Clause 7b of this bill specifically states that “the state can allow a community composed of people of the same faith or nationality to maintain an exclusive community.”

President Rivlin wrote of this clause that "it would essentially allow any community to establish residential communities that exclude Sephardic Jews, ultra-Orthodox people, Druze, LGBT people. Is that what the Zionist vision means?"

This clause raises constitutional problems. Attorney General Avichai Mendelblit said that “there is no place for such a clause in its present form.” Attorney Eyal Zandberg of the Attorney General’s office added that “this is blatant discrimination this means that the residents selection committee can hang up a sign saying ‘no entry to non-Jews.’”
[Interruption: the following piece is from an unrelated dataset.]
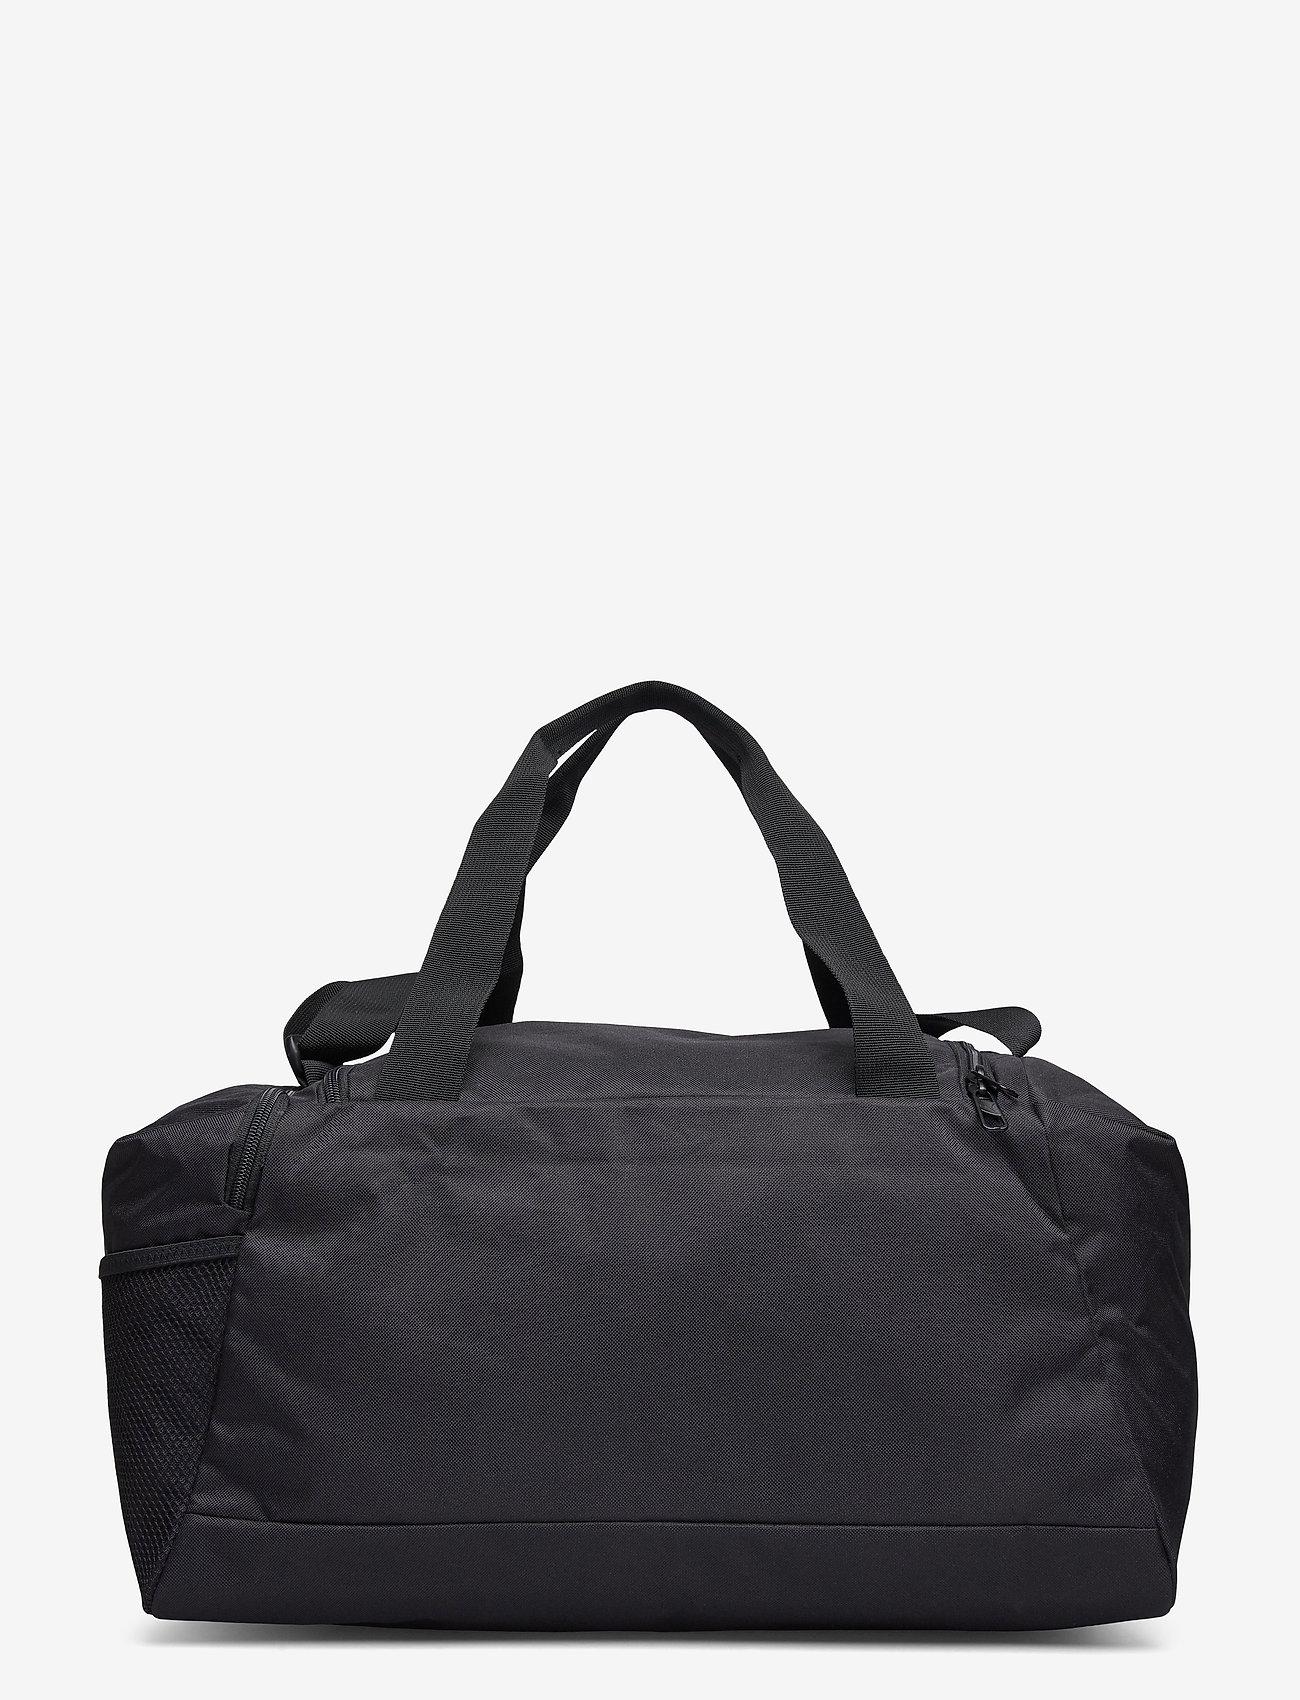 PUMA - Fundamentals Sports Bag S - trainingstaschen - puma black - 1
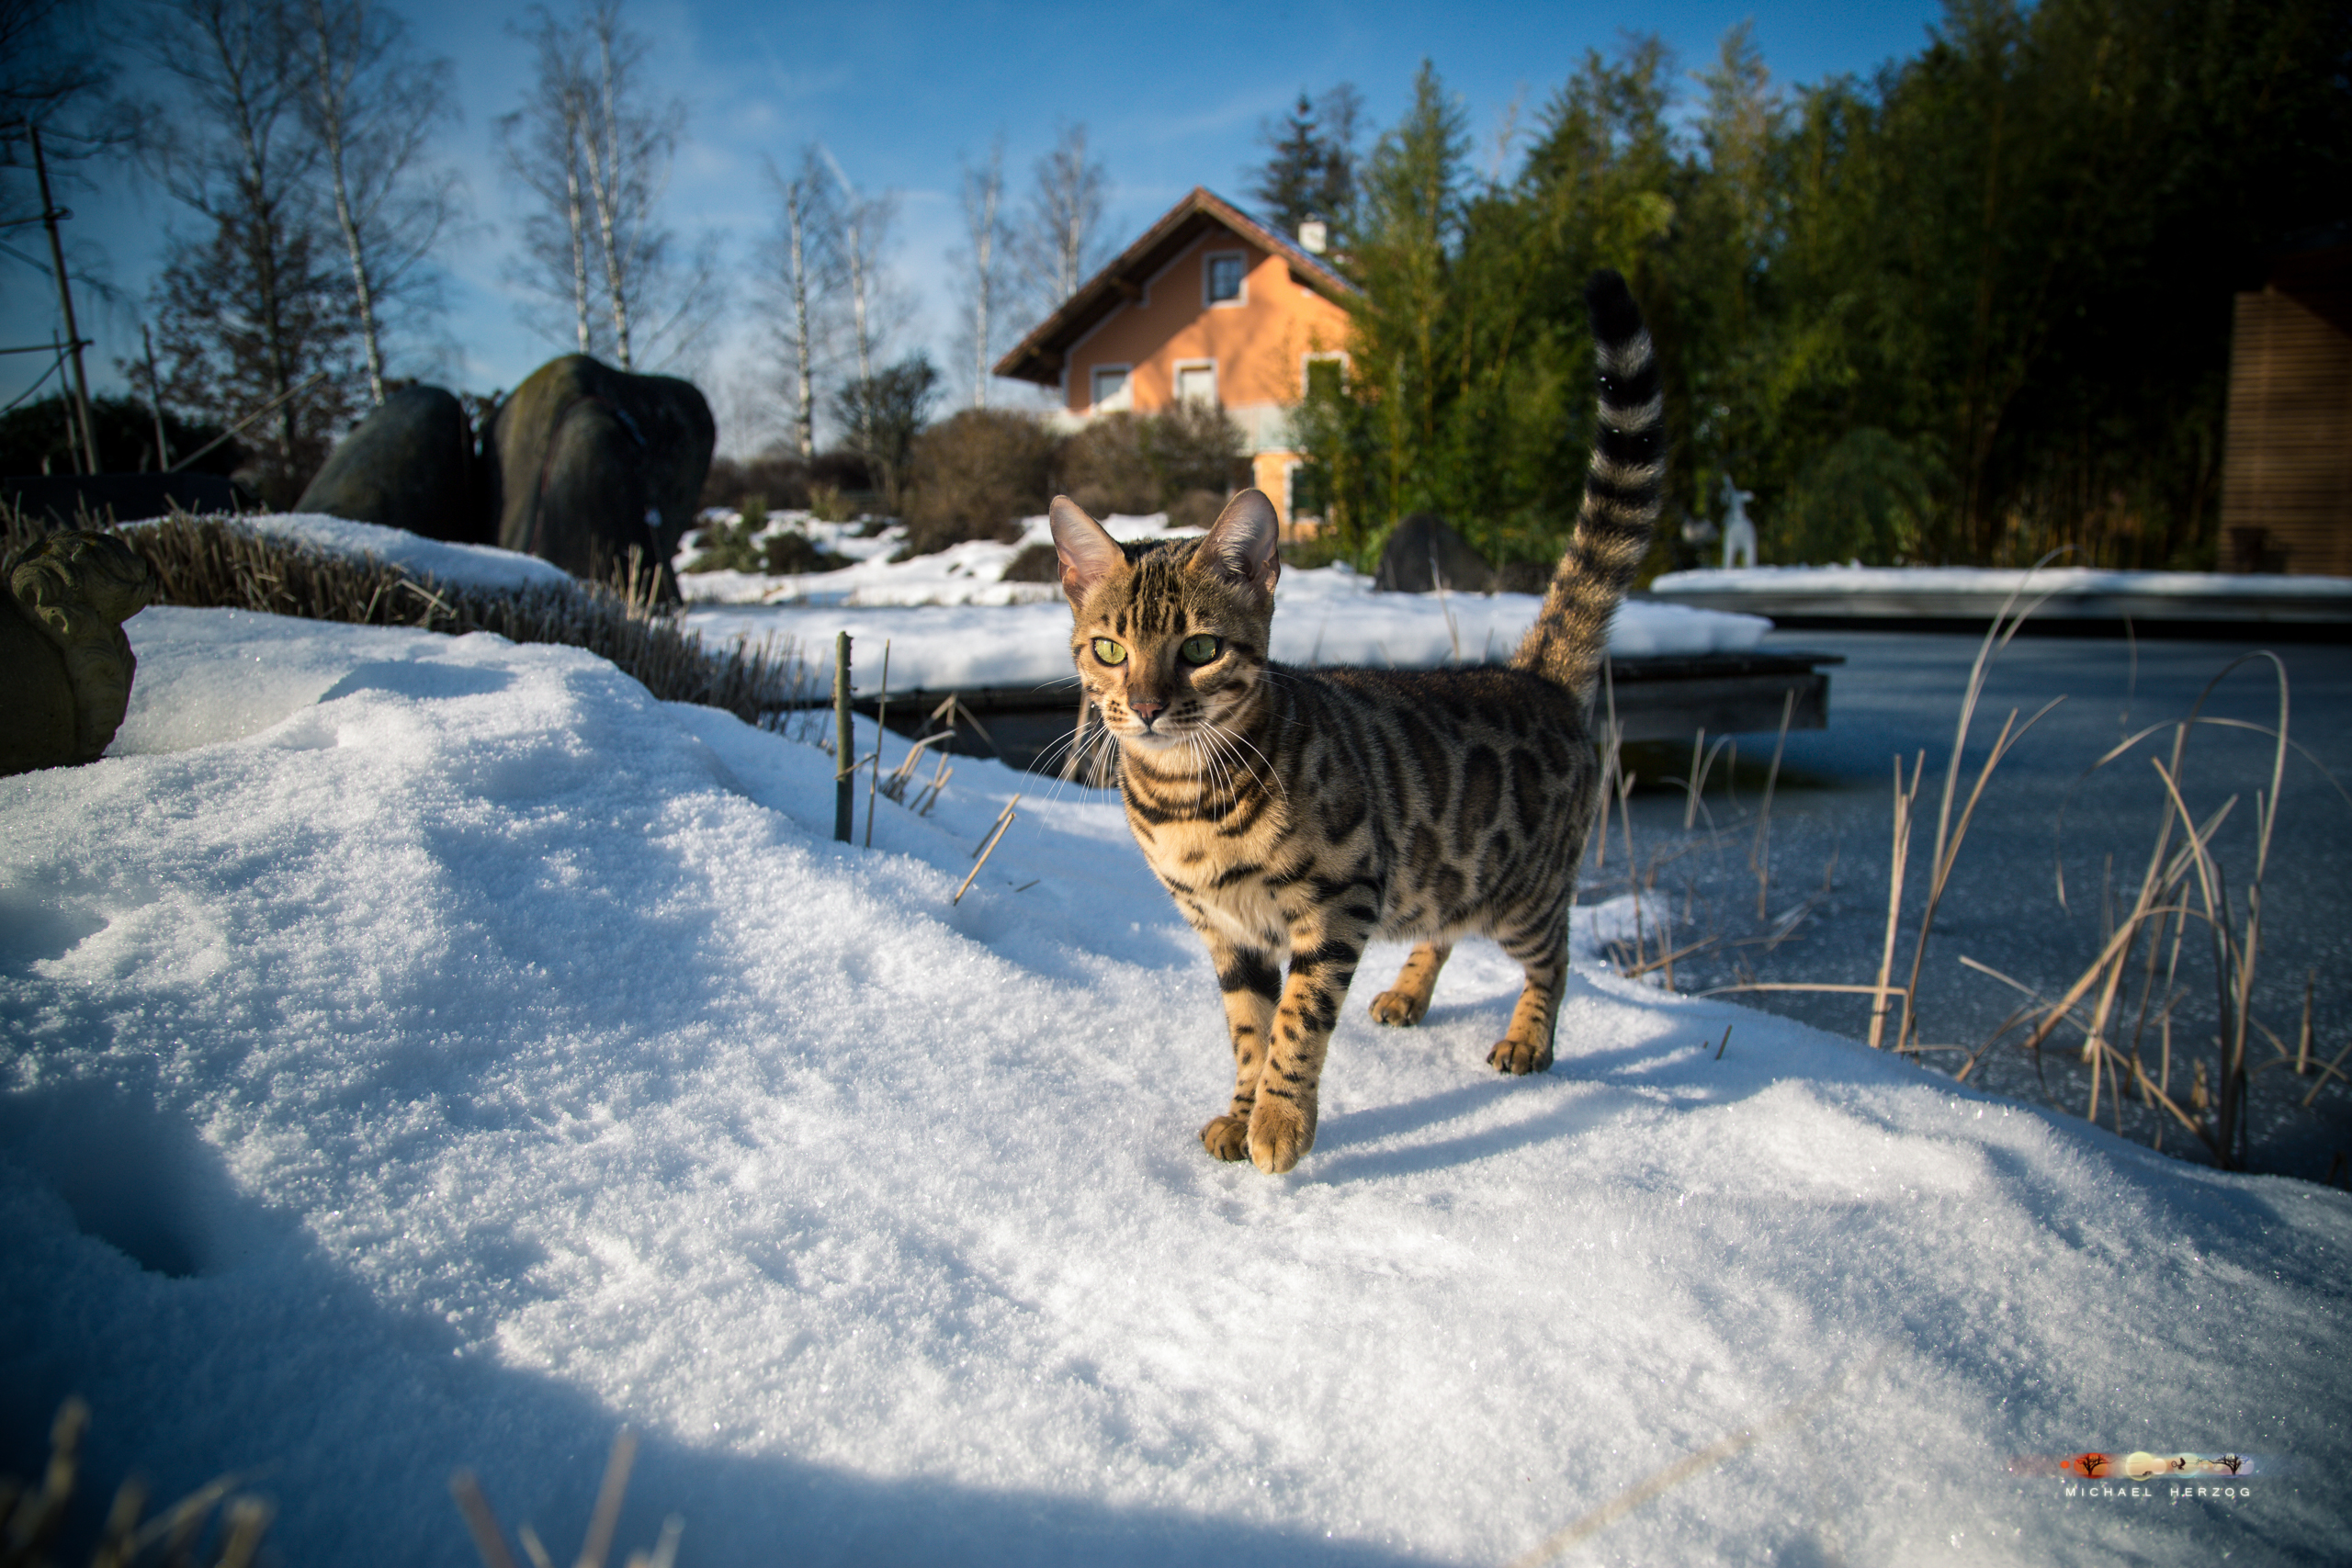 BALUARI_Winter2019_Garten_MichaelHerzog-8517.jpg

Meanwhile, intense negotiations are continuing over the nation-state bill. The committee for advancing the bill through the Knesset is meant to meet Tuesday to approve a final version, but that hearing could be postponed if no agreement is reached on certain clauses by then. 
“There’s a 50 percent chance that we’ll succeed in reaching understandings in the next few days. That’s a higher chance of passing the law than we’ve had until now,” said a source involved in the legislative process.

The coalition partners are seeking to amend three more sections of the nation-state bill: the section that permits the establishment of towns for Jews only; the section that reduces the status of the Arabic language from “official” to “special”; and the section instructing judges to look to precedents from Jewish legal rulings in instances where Israeli law offers no guidance.